Written by Stephen Buckley


By definition, we moms and dads are control freaks. We long to raise perfect kids, and, of course, we are persuaded that we can do that only by being perfect ourselves. 


But parenting is rigged for grace. There are no perfect parents, and there are no perfect children. We all fall short.


So, the list below isn’t meant to be self-flagellation. It is meant to offer a bit of guidance and encouragement. Maybe most important, these observations—offered by someone whose children are now in their twenties—are a reminder that Christ redeems our mistakes, no matter how grave. 


And isn’t that what grace is all about?


So, here goes:


  1. I am a perfectionist, and I let that govern my relationship with my kids. When we parent this way, we’re saying, “God, I don’t trust that you’re sovereign over my children’s lives—including their challenges and mistakes. So I have to make sure they do everything right.” Perfectionism also teaches children that God doesn’t accept them—except, of course, when they’re perfect. 


  1. When our son, David, was about 12, I started telling him, “I’m proud of you.” But I’d never said that before, so imagine his surprise when I finally did. “Why?” he asked. He thought I loved him only when he met my (very high) standards. He couldn’t imagine my approving of him just because he was my son. The lesson for me was as simple as it was stark: Children yearn to be loved unconditionally. And, as author Gary Chapman reminds us, no matter what their love language might be, they crave our affirmation (especially as teenagers).


  1. It took me way too long to appreciate the power of warmth (as you see from #2). By warmth, I mean those in-between moments that don’t mean much to us but mean the world to our kids—the relaxed arm around their shoulder, a wink from across the room, a text with a goofy joke, watching (and laughing at) silly movies, a simple “thank you.” High expectations tell our children that we love them. Warmth lets them know that we like them.


  1. It’s hard to listen. That’s especially true as our children become teenagers. But cultivating the habit of listening when they are still youngsters makes it easier for us as they move into those teen years. They’ll be grateful. (But they’re teenagers, so they’ll never tell you.)


  1. Criticism stings—and sticks. When we’re constantly critical of our children, those barbs bury themselves in their psyche. They remember for years. (Trust me on this.) We don’t have to be pushovers, but we should be intentional, specific, timely, and selective about offering criticism.


  1. Children want, and need, to be challenged spiritually. When our kids have grown up in a Christian home, they sometimes know more than we think they do—and so they’re often ready for deeper spiritual teaching than we may realize. 

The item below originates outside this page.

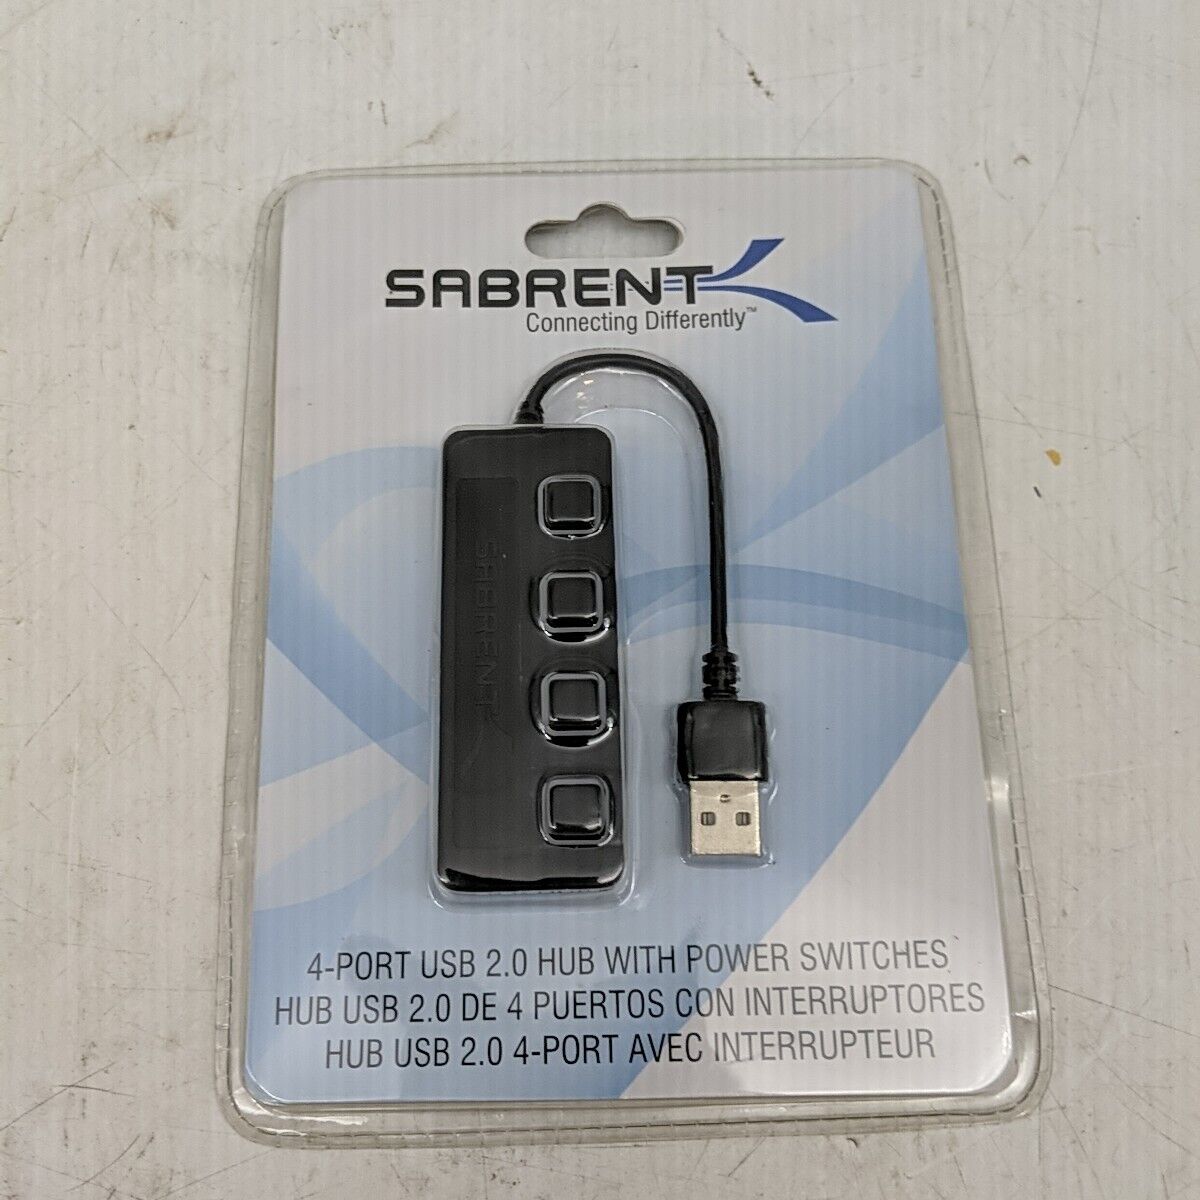 4-Port USB 2.0 Hub Switch With Power Switches Black Sabrent HB-UMLS

  1. There’s a difference between intelligence and maturity. Some very bright children are not as emotionally developed as we expect them to be. Sometimes we find this annoying or frustrating. (At least I did.)  Be patient, especially with boys. They’ll come around.

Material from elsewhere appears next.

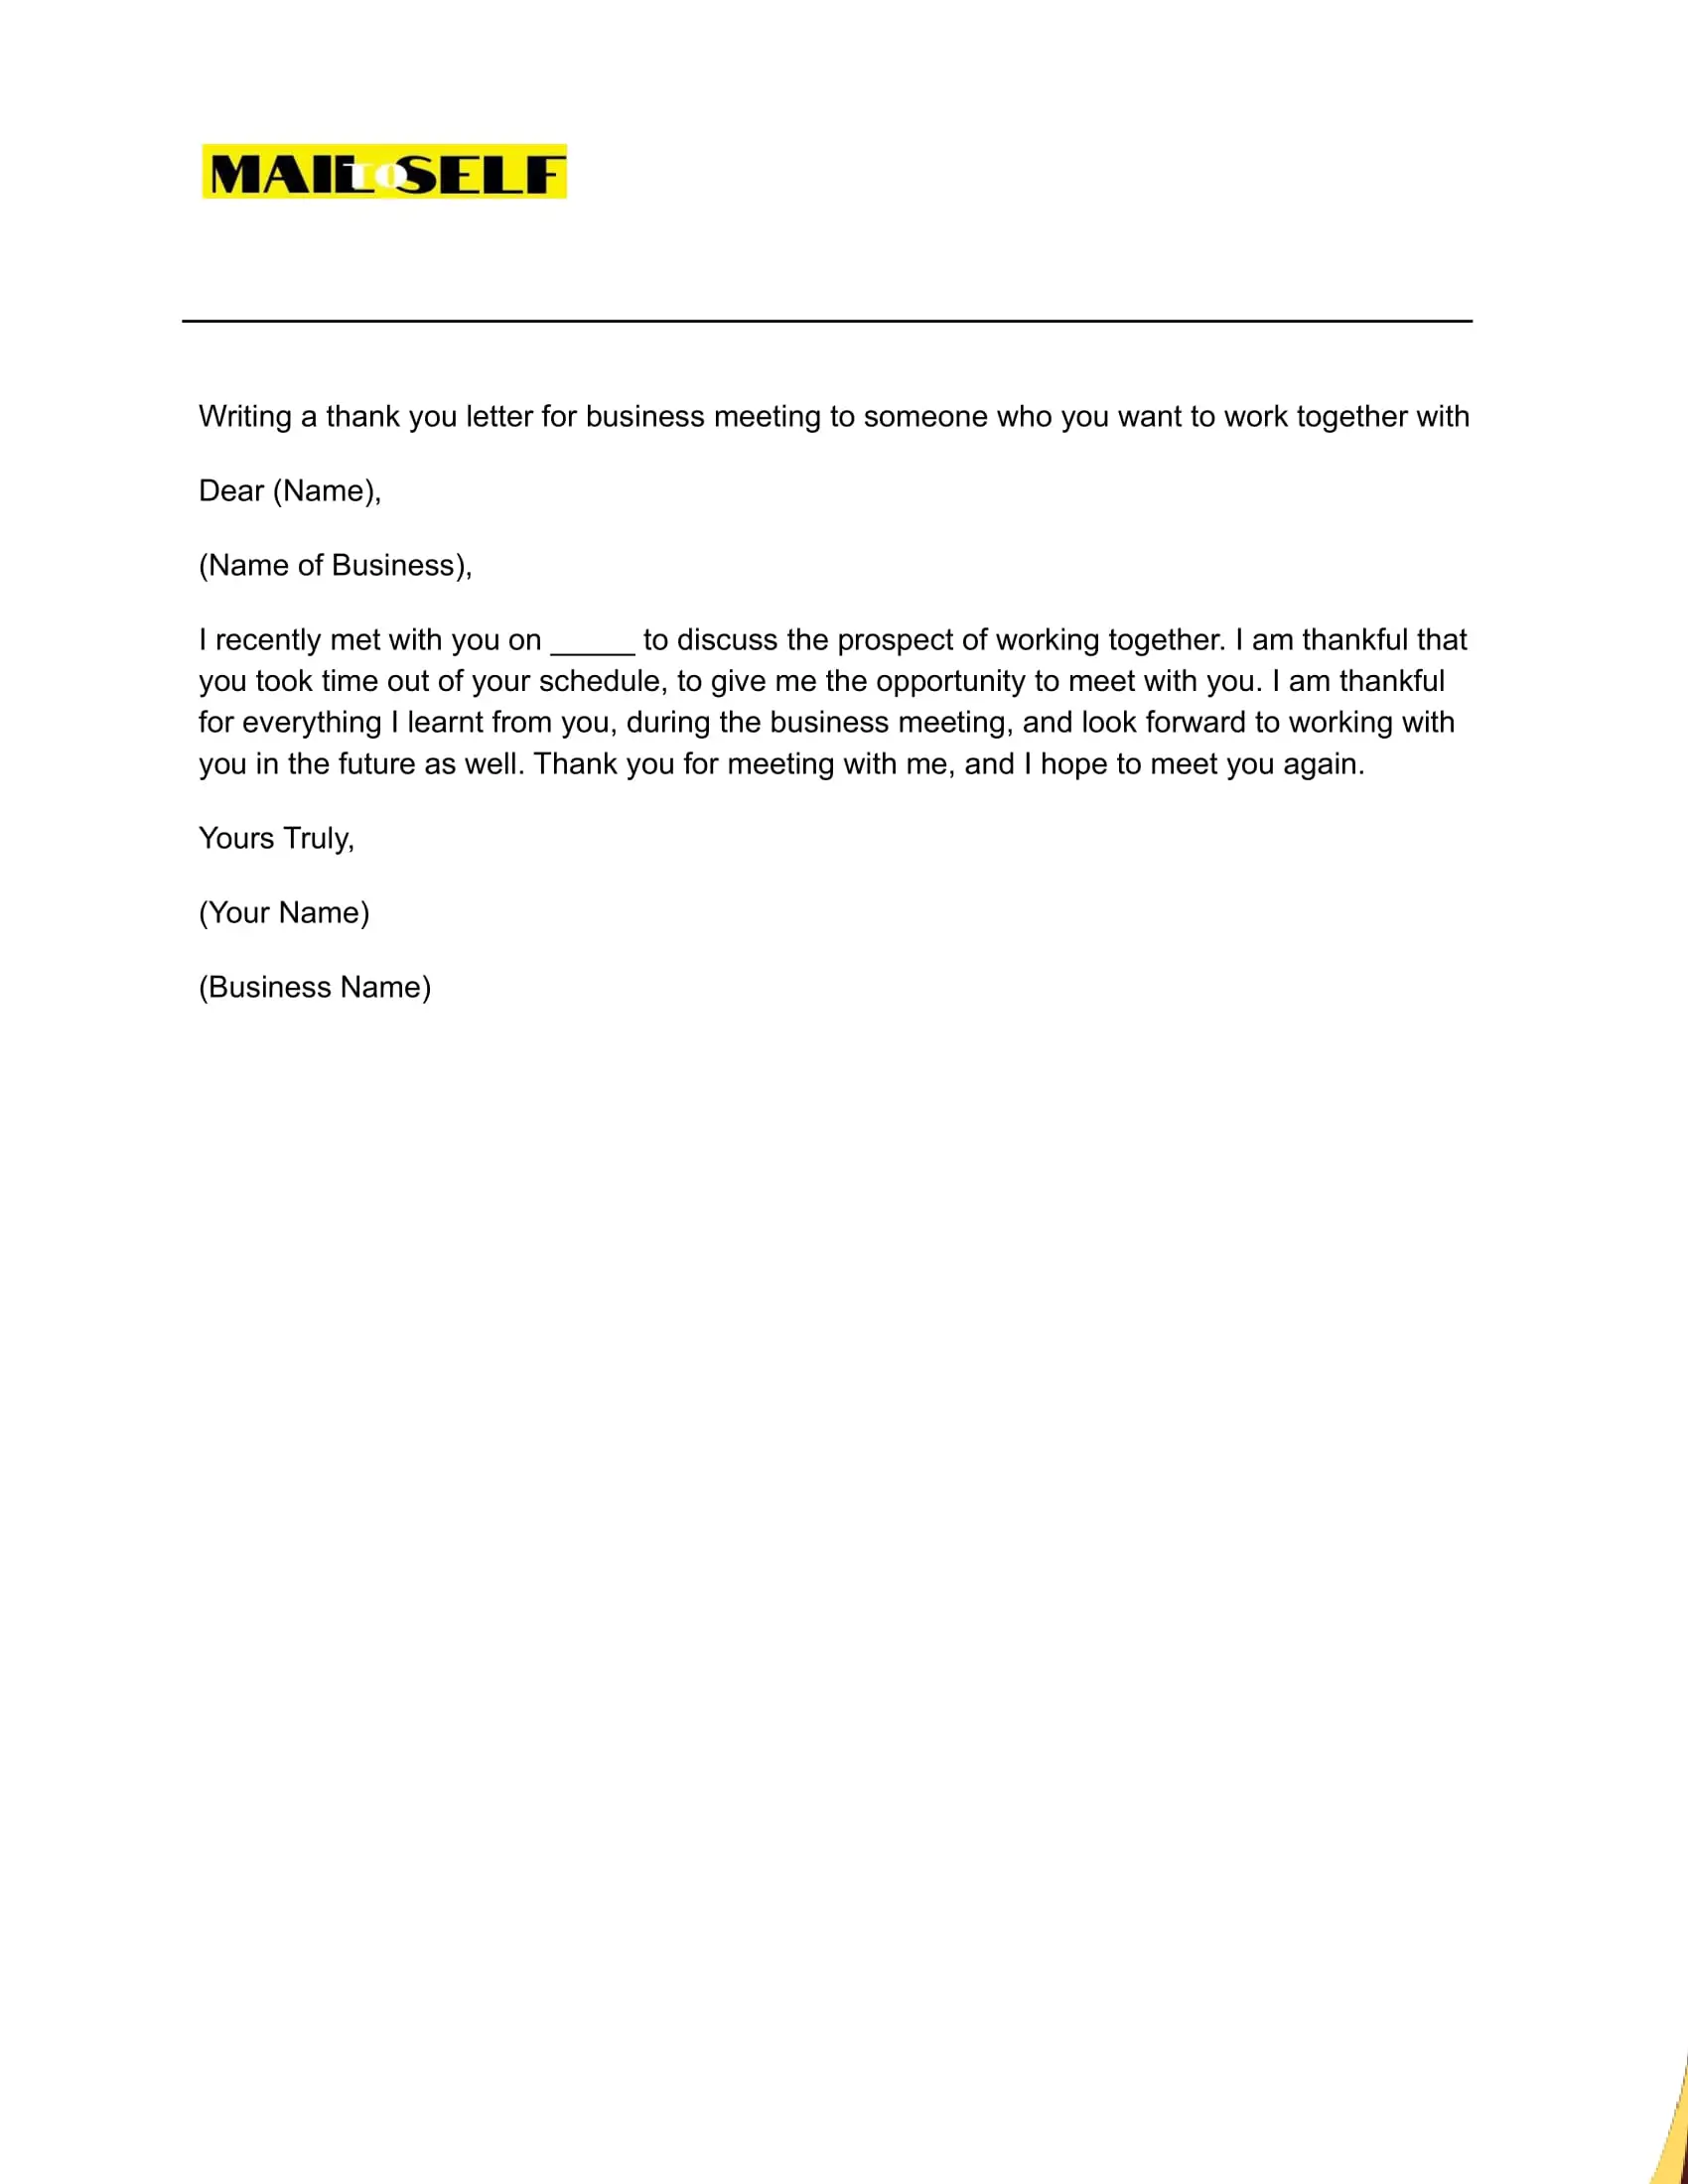 Sample #2 Thank You Letter for Business Meeting

Today, our children are young adults, and they are as gracious as they are honest. In recent years, we have had hard conversations about the ways my parenting style failed them. And yet they still gift me with their time, presence, and affection. I’m grateful for that. Their kindness is a tender reminder that in all things, God is sovereign and good, and full of grace. He—and only He—is the perfect Parent.